Apple asks UK landlords to cut Apple Store rents in half
Apple has made a request to landlords in the United Kingdom to cut the amount of rent it pays by half and to offer a free rental period, a report claims, with Apple supposedly offering to extend its leases for those who take up its offer.
Apple's physical retail outlets in the UK were shut for a number of months due to the COVID-19 pandemic, with all 32 stores in England only being back in service in the country from June 15. The impact of the coronavirus lockdown and social distancing measures has led to Apple attempting to regain some of its lost retail profits, which it is seemingly doing by reducing one of its main store costs.
According to The Times, Apple has been in contact with a number of landlords it deals with for its 38 retail outlets across the country, requesting some changes to their lease agreements in light of the COVID-19 closures.
The changes are said to include a cut in its rent payments of up to 50%, as well as a period of time where it doesn't have to pay rent to the landlords. In exchange for agreeing to the changes, Apple is preparing to extend the leases it has with the landlords for a few more years.

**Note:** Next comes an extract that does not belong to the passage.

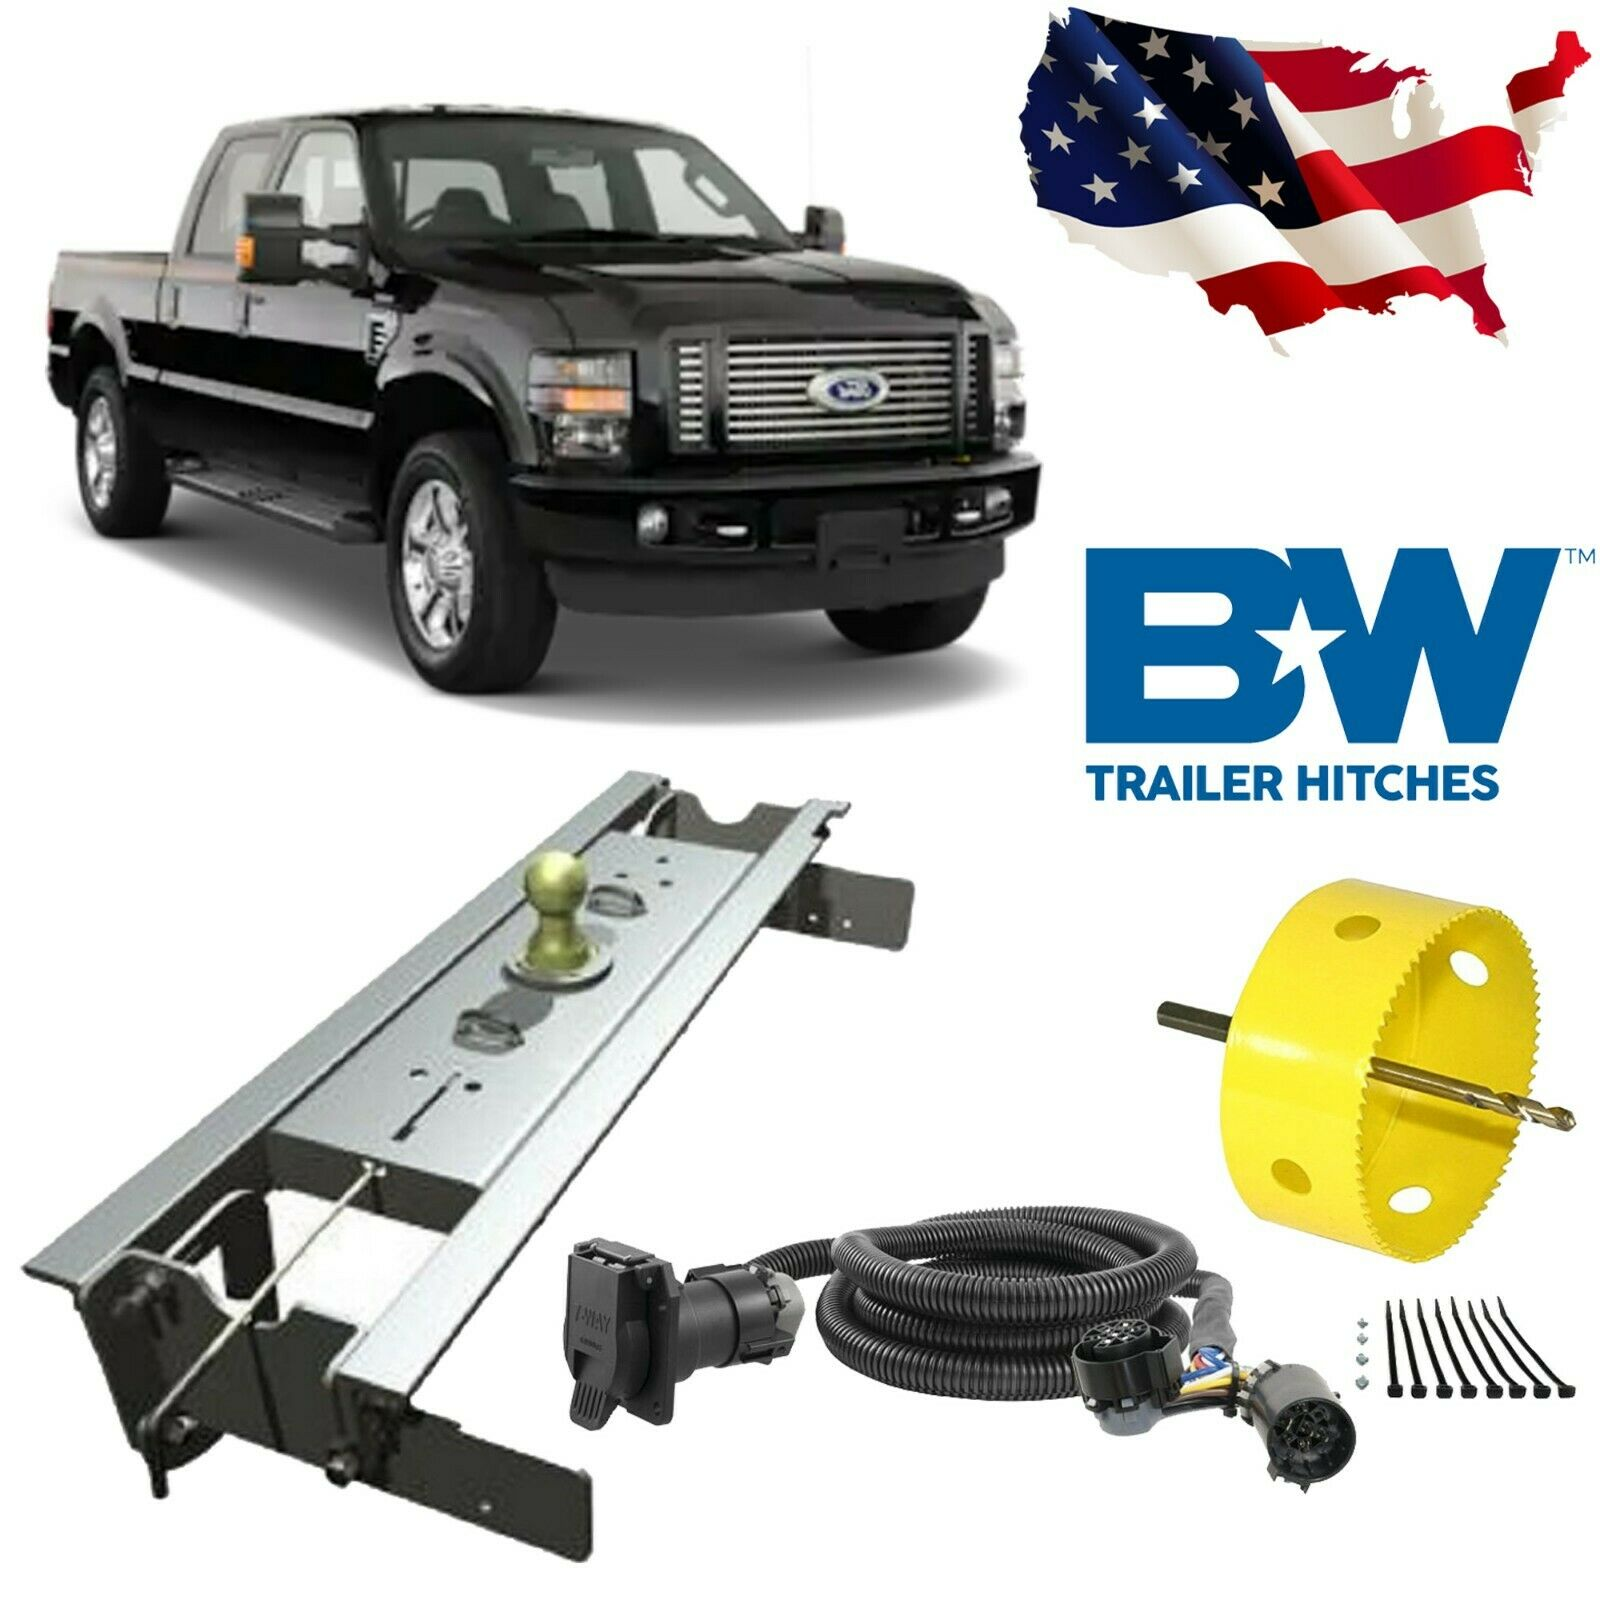 b&w gooseneck hitch w/hole saw & wiring harness for 1999-2010 ford  f-250/f-350   ebay  ebay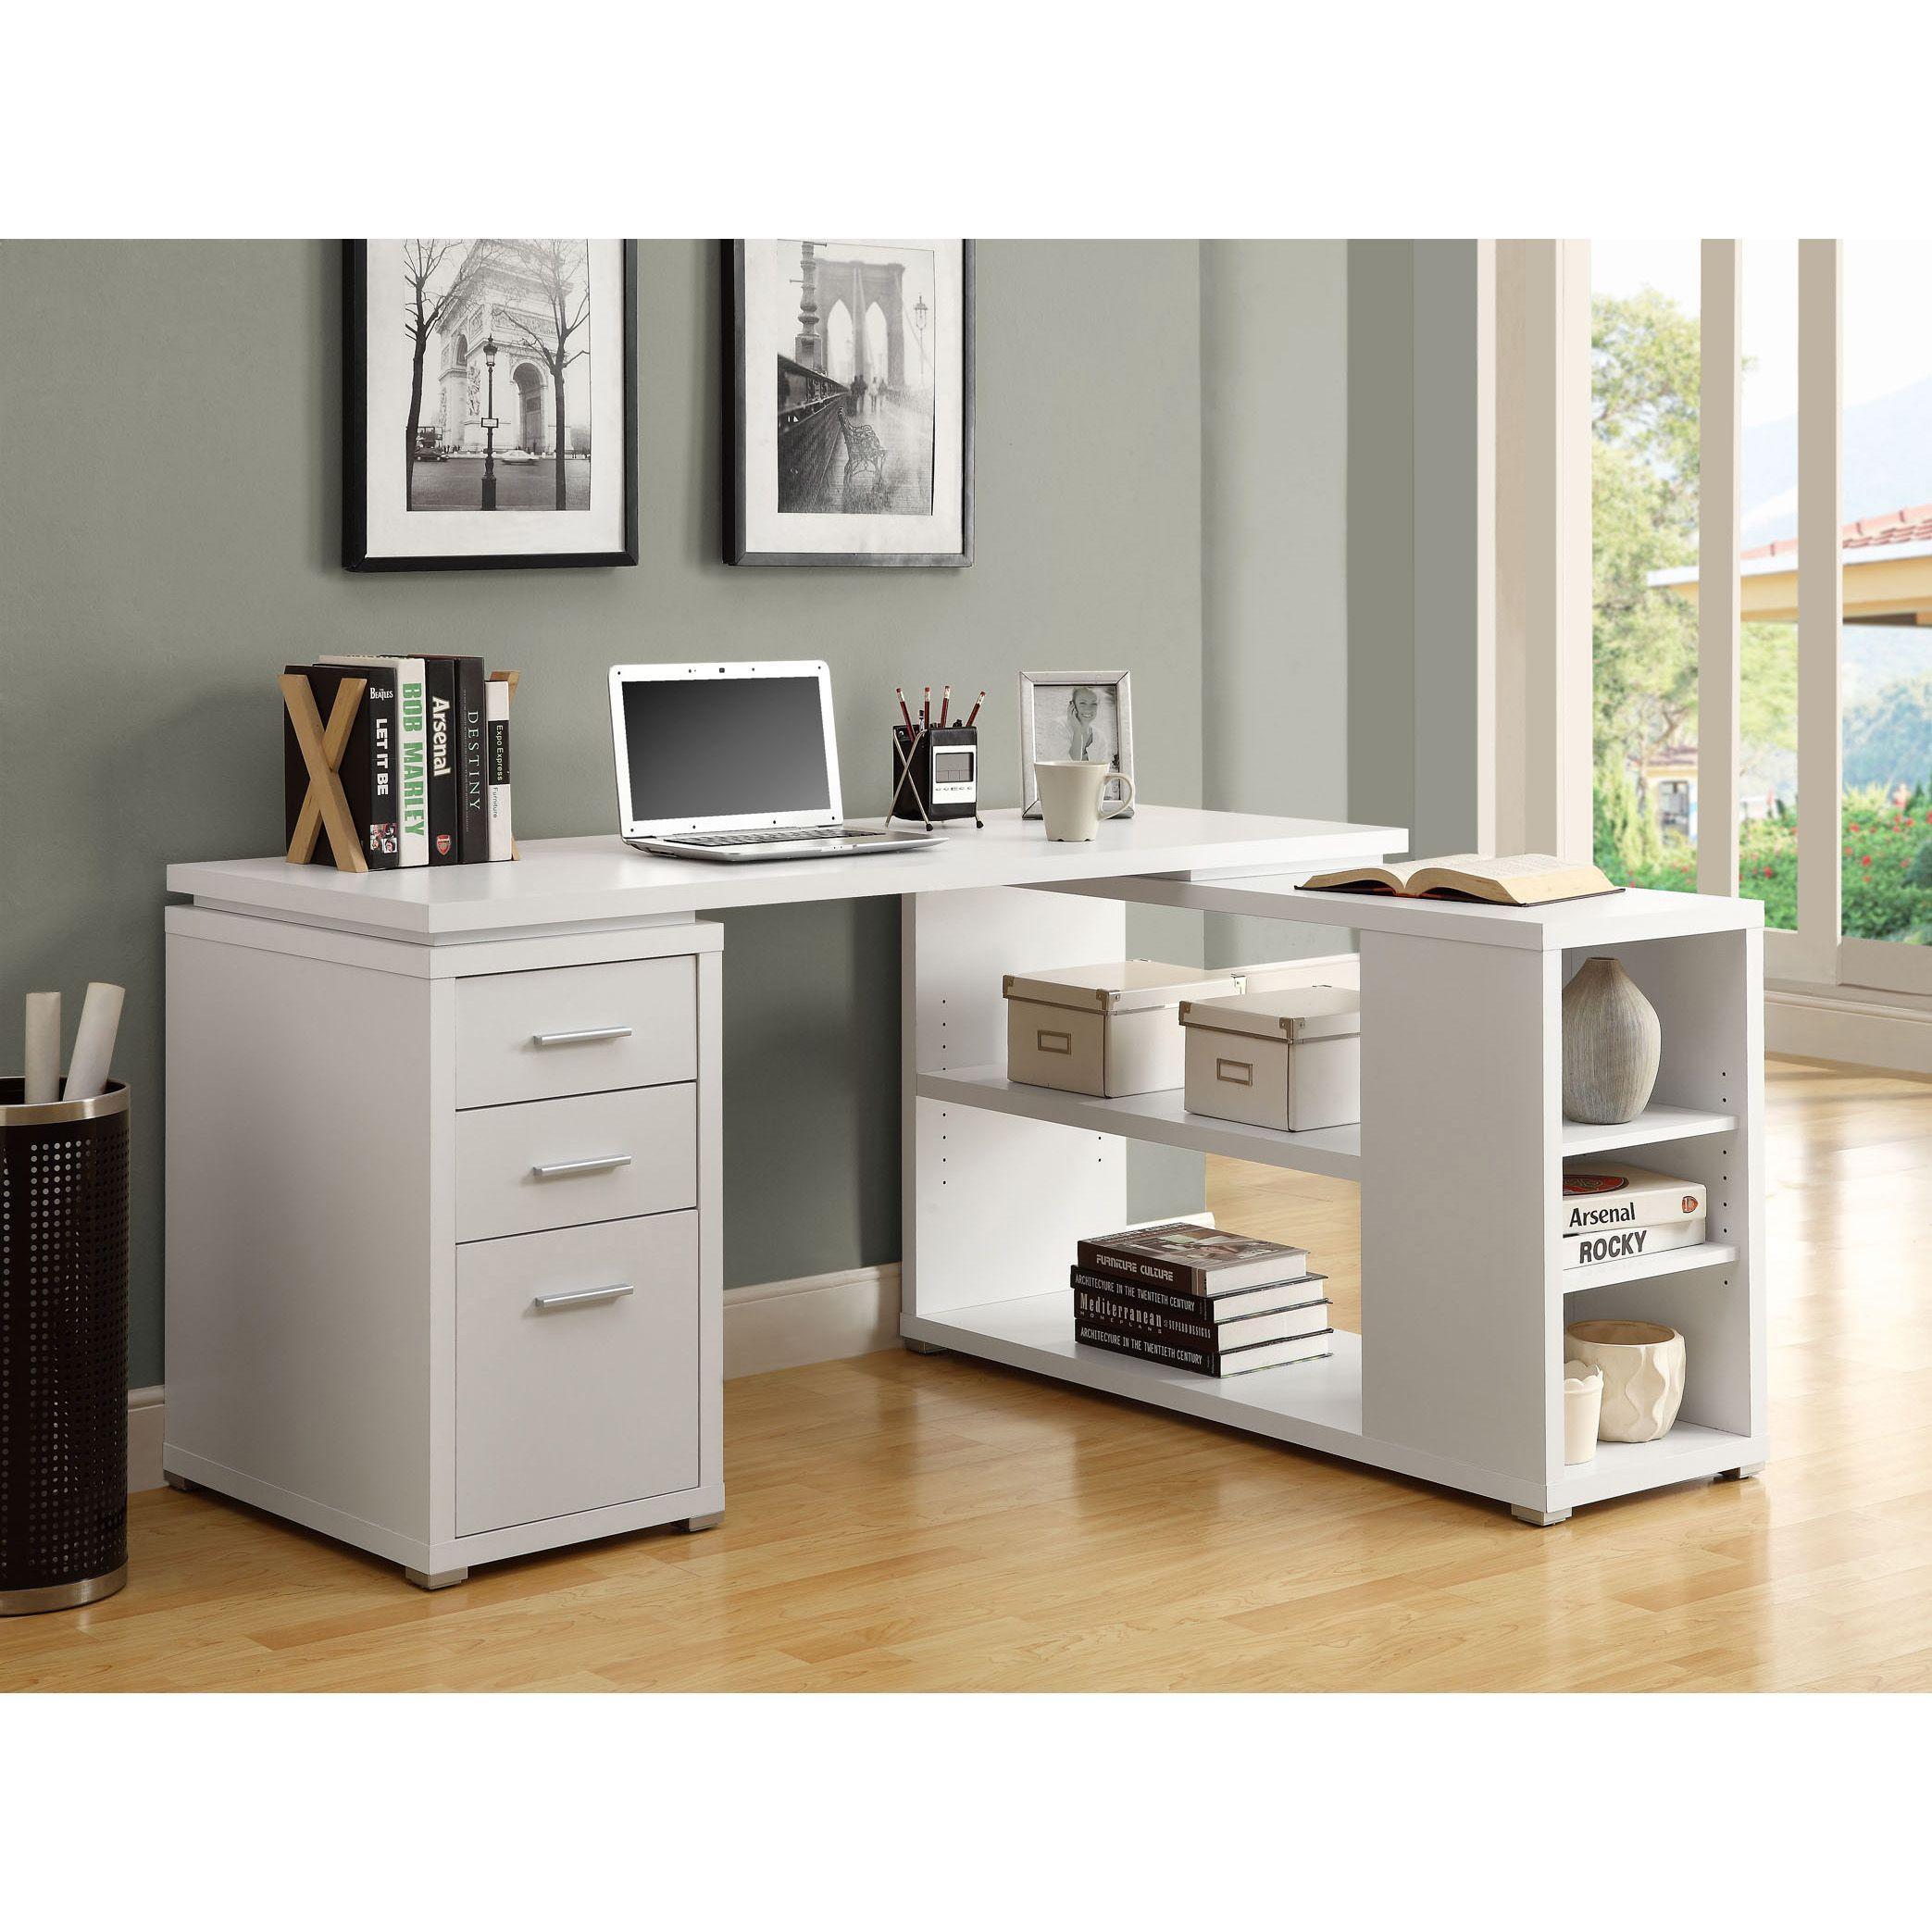 Monarch Hollow Core Left Or Right Facing Corner Desk Bureau Etagere Bureau Organisation Du Bureau Et Bureau Blanc

While seemingly a bold move for Apple, the attempt also has the potential to bring it in line with other retailers who are benefiting from low rents, offered by landlords keen to keep shopping centers fully occupied. Landlords also benefit from Apple beyond paying high rents, as the presence of the Apple Store does help increase foot traffic from consumers in the area, which helps sales for other retailers.
It is believed Apple's offer is being provided to landlords in cases where stores have several years left to run on leases, and that landlords are not obligated to make a decision anytime soon.
The request has caused some friction with land owners, however, as Apple's latest quarterly results revealed an 11-percent revenue jump to $59.7 billion. In July, filings in the United Kingdom revealed Apple earned $1.8 billion in revenue in annual sales, but the company only paid $8 million in tax.